As arguably the state hardest-hit by federal government shutdowns, Virginia is no stranger to fallout of fiscal dysfunction in Congress. But some of Virginia’s representatives in Washington are working to protect hardworking Virginians from the threat of congressional budget impasses.
Virginia is second only to California in terms of residents holding federal jobs; specifically, 144,000 residents of the commonwealth receive their paychecks from the U.S. government, according to the U.S. Office of Personnel Management (although a recent congressional report puts that number at 170,000). Virginia is also first among all 50 states in military spending, with much of that funding divided between the Pentagon in Northern Virginia and Naval Station Norfolk in Hampton Roads.
All this adds up to a disproportionate amount of pain felt by Virginians whenever Congress’s failures result in a government shutdown; federal workers and active-duty military don’t get paid if the government isn’t open. But some Virginia Democrats on Capitol Hill are working to protect their constituents from these hardships.
In September, U.S. Senator Tim Kaine and Rep. Don Beyer (VA-08) introduced the End Shutdowns Act, which is designed to prevent future shutdowns and the “senseless pain” they bring to not only those employed by the federal government, but also those who rely on government services.
The measure aims to end the use of government shutdowns as a negotiating tactic by initiating an automatic continuing resolution at the beginning of the federal fiscal year — Oct. 1 – to keep the government funded if no appropriations bill has passed by then.
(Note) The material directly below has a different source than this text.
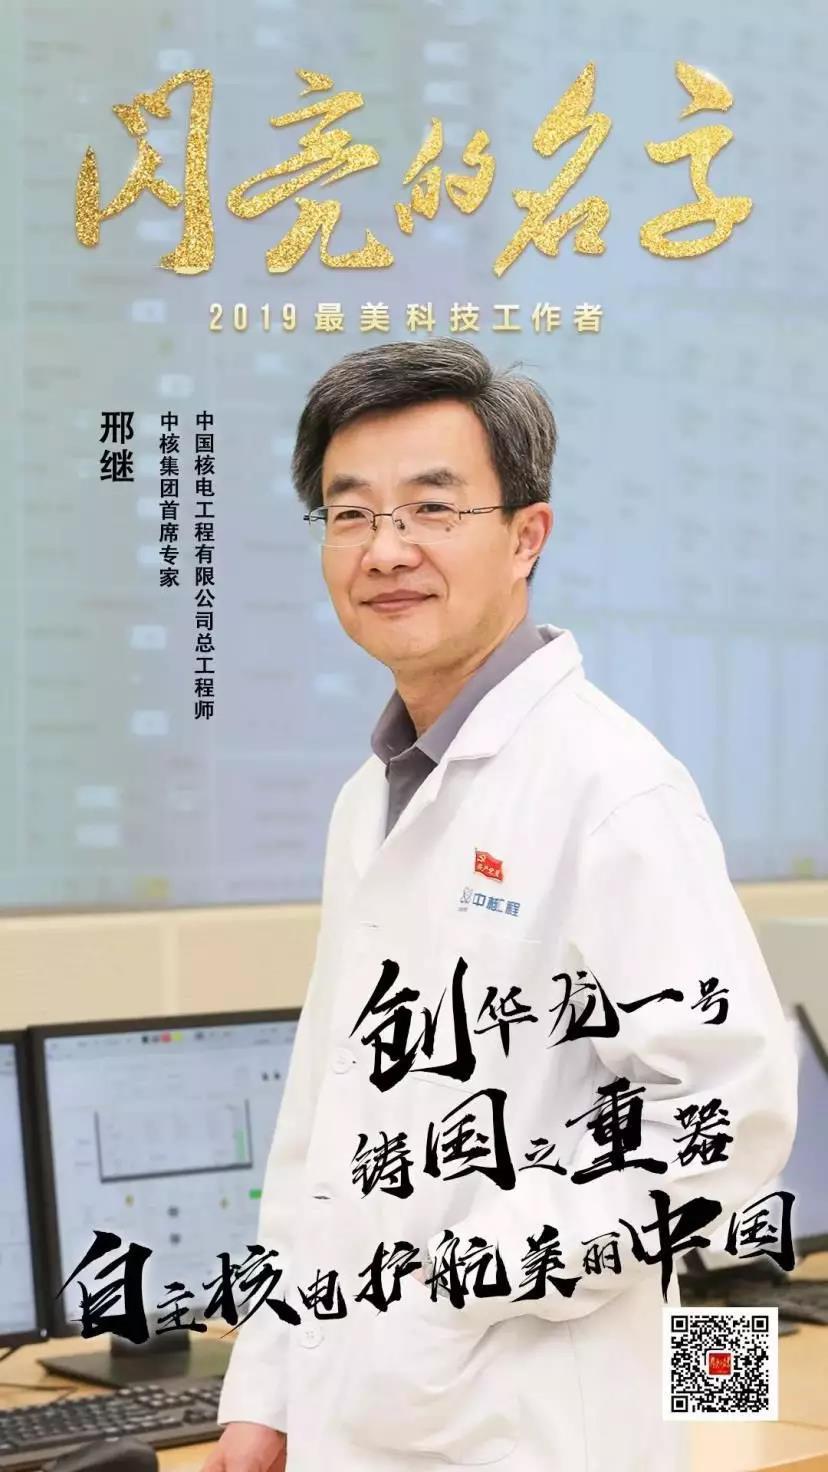 """中国核电发展了几十年,一直在""""跟跑"""",而邢继主持研发的""""华龙一号""""实现了""""并跑""""!这标志着我国压水堆核电技术实现了从引进、消化吸收到自主创新的跨越式发展,他为我国压水堆核电技术创建自主品牌、实现系列化和跨越式发展做出的突出贡献值得我们铭记。"""

The bill also prevents the U.S. Senate from moving forward with any other legislation until Congress reaches a long-term spending agreement.
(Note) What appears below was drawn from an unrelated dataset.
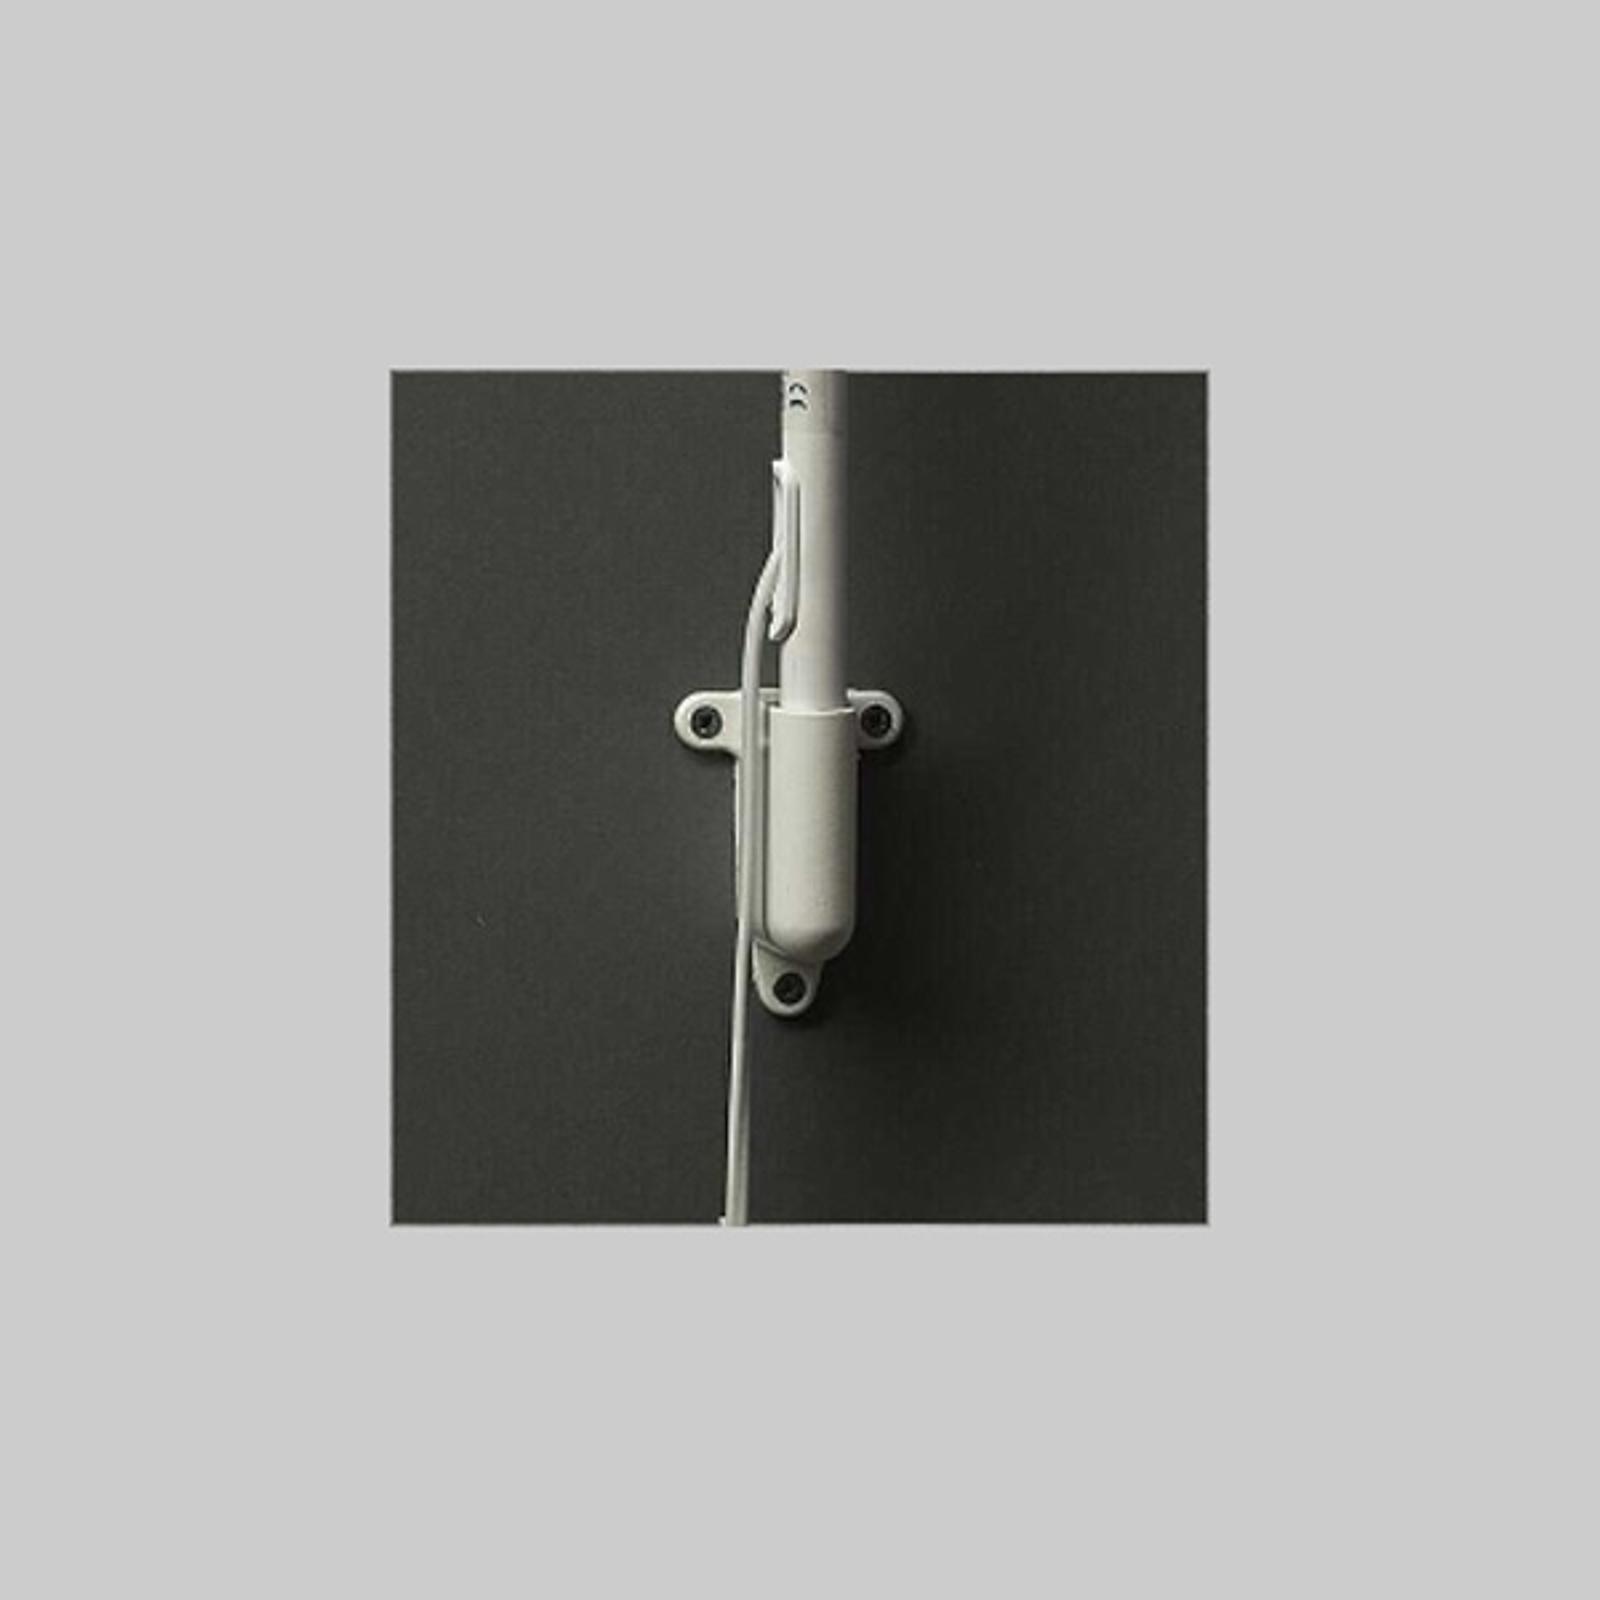 Wandhalter für LED Bettleseleuchte

“Government shutdowns have disastrous consequences for federal employees and government contractors and slow down critical government services that millions of Americans rely on like getting replacement Social Security cards and food inspections,” said Kaine in a statement. “But politicians continue to use or threaten to use government shutdowns as a negotiating tactic.”
More recently, Kaine also introduced the Modernizing the Federal Calendar Act, which shifts the federal fiscal year to the calendar year, having it end on Dec. 31 instead of Sept. 30.
According to Kaine, this shift would “reduce the prevalence of stopgap funding and eliminate the October shutdown threat by making the end of the fiscal year align with the end of the calendar year, when Congress has historically passed a full-year government funding bill.”
The last time Congress adopted a federal budget by the Oct. first beginning of the fiscal year was in 1997.